From the word cloud, it is obvious that men use the word “sex” much more frequently than women do. They also use the word “days” more frequently, while women use “months” more frequently. Words associated with symptoms of birth control like “spotting” and “cramps” are present in the female word cloud, but not the male. An interesting explanation for these findings would be that birth control is a concern to men only in the days preceding or following sex, while the concern is more constant and ongoing for women, involving discussion of relevant symptoms and experiences outside of sex itself.

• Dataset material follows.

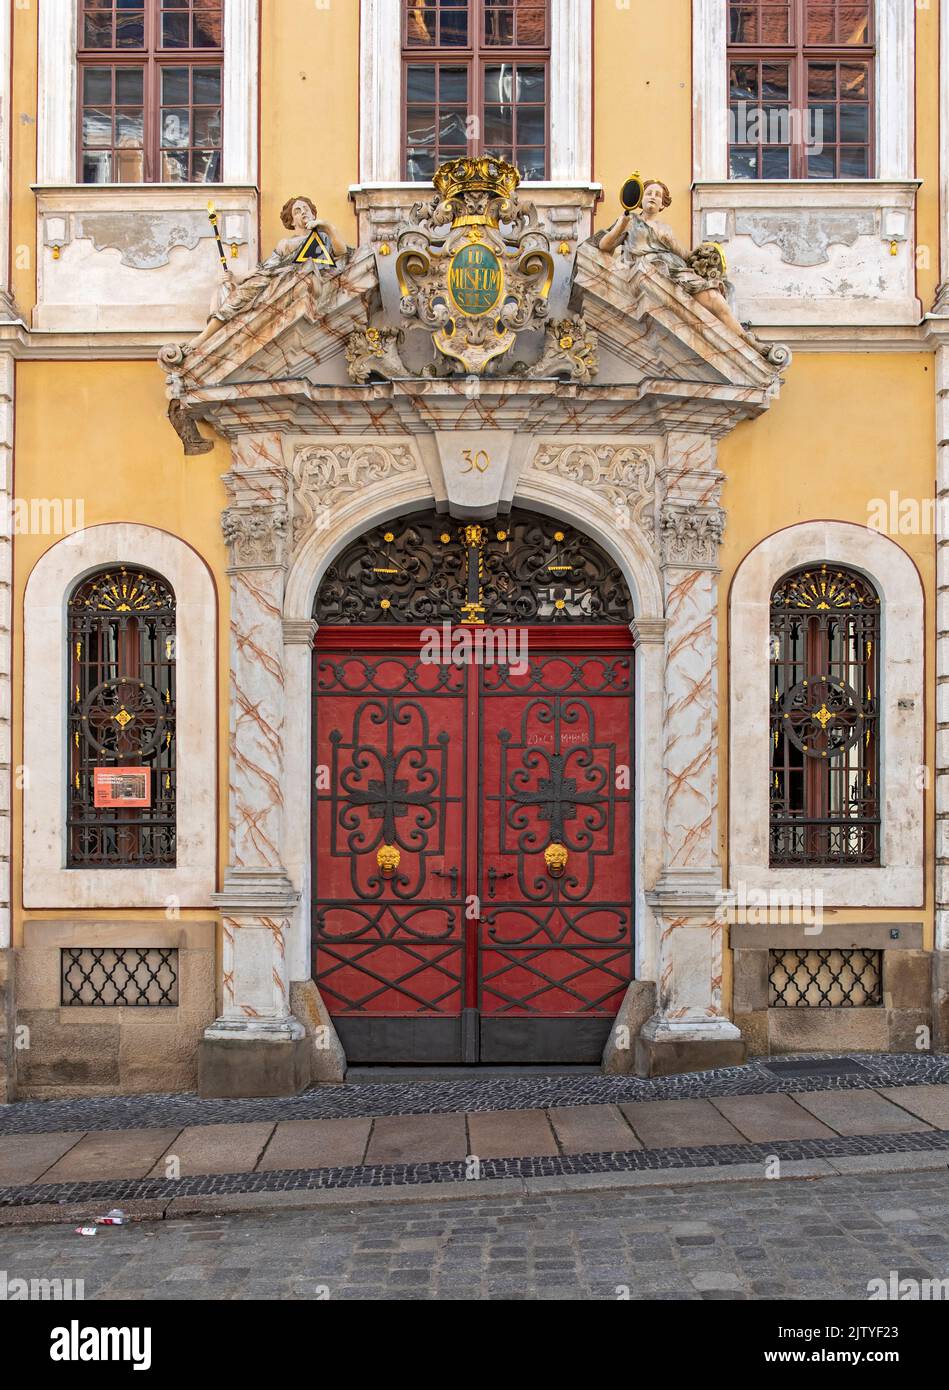 Portail de la Maison baroque (Barockhaus), Neissstrasse, Görlitz, Allemagne Banque D'Images

The sentiment scoring also provided insight into the differences in the text of the male-authored vs. female-authored posts. The scores that were higher for men than women were 'anticipation', 'joy', 'negative', 'positive', 'trust', while the scores that were higher for women were 'anger', 'disgust', 'fear', 'sadness', 'surprise.’ For the male posts, we already noted that males use the word sex more, which is associated with “joy” and anticipation” sentiments. Because women are the ones actually experiencing side effects from almost all types of birth control, I was not surprised that the sad/anger/disgust words were more associated with female posts. Another factor that may play into this is that females are more likely to post about other negative concerns other than pregnancy scares, like side effects or implantation / insertion experiences of long acting reversible birth controls like iuds or implants. These experiences would be less likely to include words with positive sentiments like sex, and include words describing pain. In discussions of birth control, men write in a way that is overall more positive, while females who actually experience both pregnancies and birth control effects, post with more fear/disgust/sadness language.
Conclusion¶
Although the amount of posts on r/birthcontrol is not necessarily an ideal proxy for how involved males are in discussions of birth control, it's a little disheartening how few of the posts are from men (3%). All in all, the differences between male and female authored posts on reddit were apparent, and using text mining was an enlightening way to extract information from and compare hundreds of posts. I appreciate the opportunity to explore a topic of interest to me and apply the methods learned in class this semester to this project. Thank you, and have a great summer!